Тени-евнухи, иероглифы – тысяча и один,
и у каждого в тайной шкатулке – то, чего нет,
и течет Луна у кормилицы из груди.
Император в Запретном Городе заточен:
золотая клетка зачехлена, вот и вся
его Поднебесная. Не киношный сверчок
Бертоллучи из его мелодрамы, а на сносях
рая испеченный в преисподней. Странно,
что в этом фильме ни слова о лагерях
под Хабаровском, где якобы заживал, как рана
под корочкой, уже трижды развеяв прах
свой – в Пекине, Токио и Манчжурии.
Письма писал Сталину, чтоб в Китай
не возвращал его. И посменно дежурили
десять тысяч лет в нем. Лети, летай, -
отворялось окно, – и летал, летел, по пути
перехваченный, и опять писал, в коммунисты
просил принять. Называли Егором. А от Пу И
все что осталось – кабинет министров
в соседней камере. Вскрыл потайное дно
чемоданов, передал сокровища на попеченье
советской власти. В ответ получил письмо
с благодарностью и собрание сочинений
Карла Маркса. В качестве поощренья
перевели в другой лагерь – с березками и рекой.
Повариха Оксана, рыбой пахнущая и сиренью,
входила в воду, поманивая его рукой:
иди ко мне, доходяга. И пока он к ней шел,
не сходя с места, за спиной его двое слуг
закопали остатки сокровищ под деревом. Бережок,
огороженный проволокой, с видом на юг.
А потом, когда его отыграли на все лады
и стал он уже как Пу И не нужен,
его подарили Мао – просто от доброты
и в знак советско-китайской дружбы.
И ушел он еще на десять, но уже в лагеря Китая,
последний император династии цин.
В кедах, ватнике и круглых очечках. Питание
как питание: плюс минус рис. Не сцы,
говорит ему, в центр ведра – не буди товарищей.
Это по Бертоллучи. Наставник ему, вертухай
говорит. Небо – соломинкой утопающего,
за нее и держится, выплывая уже в Китай
марширующих хунвейбинов. Почти старик,
неприметный, с другим именем, на работу
устраивается садовником. Лицевой тик -
если долго смотреть – у памяти, у цветов… Годы,
как евнухи те, хранят в шкатулках то, чего нет.

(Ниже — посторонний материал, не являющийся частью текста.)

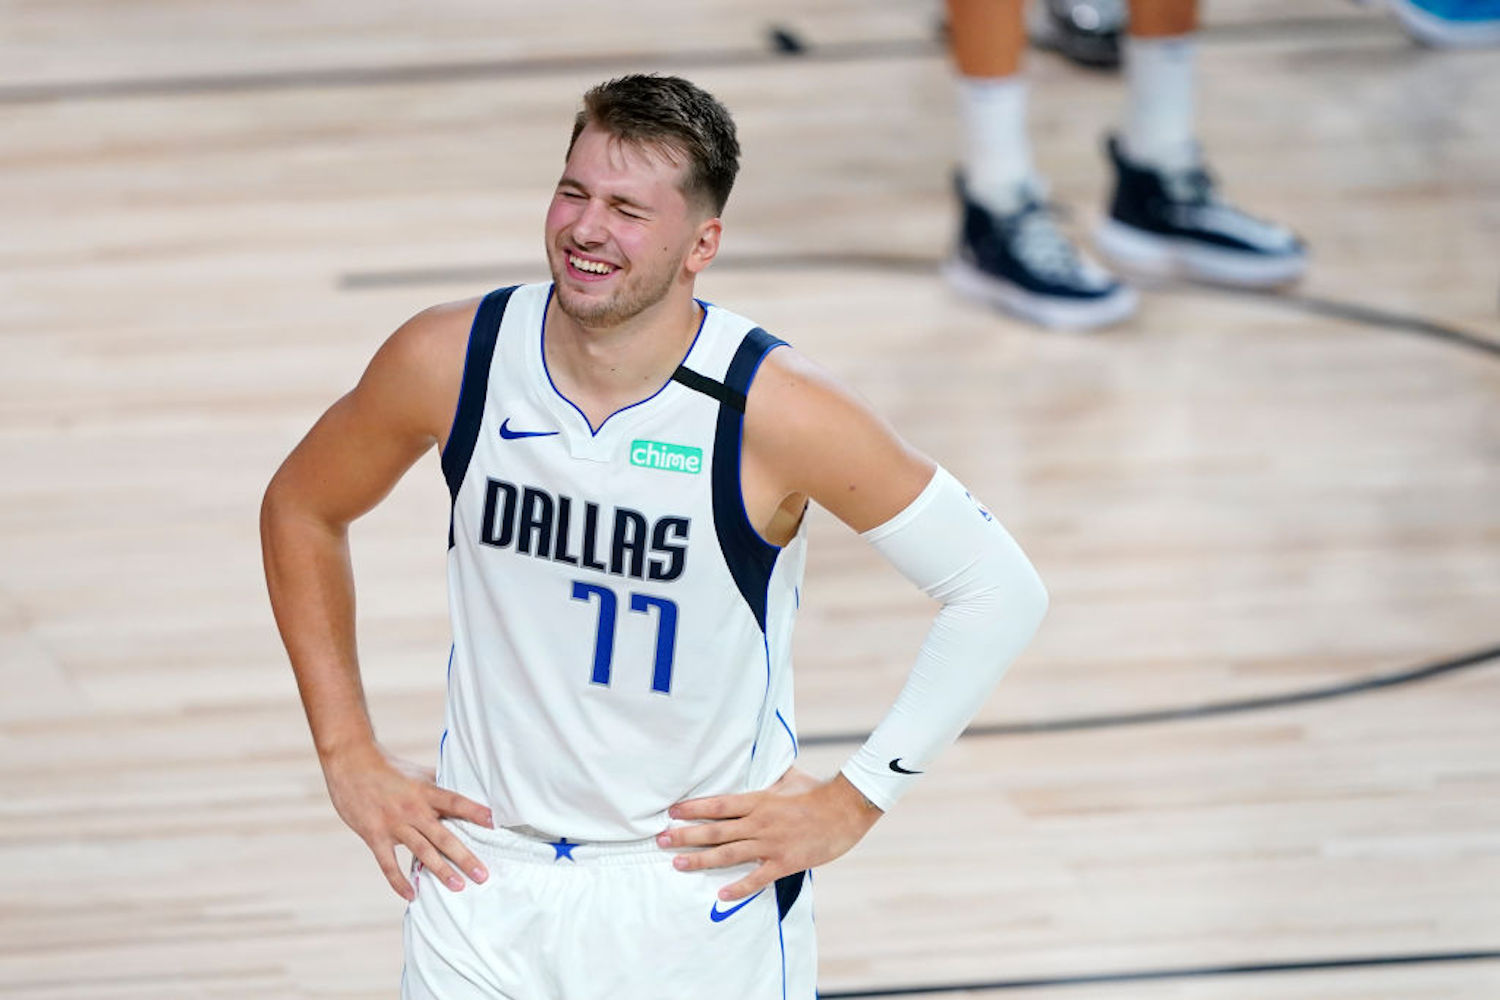 Luka Doncic is just 21 years old, but he already passed Lakers legend Kareem Abdul-Jabbar in the NBA playoff record books.

Он и сам – садовник в шкатулке Запретного своего
Города. Лежит в земле, и как пролитый свет -
с ним вторая жена, кости играют в го.
А те остатки сокровищ, закопанные у реки,
Всплывают в Киеве, полвека спустя, на останках
другой империи, в частной коллекции. Пу и, пу и, -
перешептываясь в сейфе Национального банка.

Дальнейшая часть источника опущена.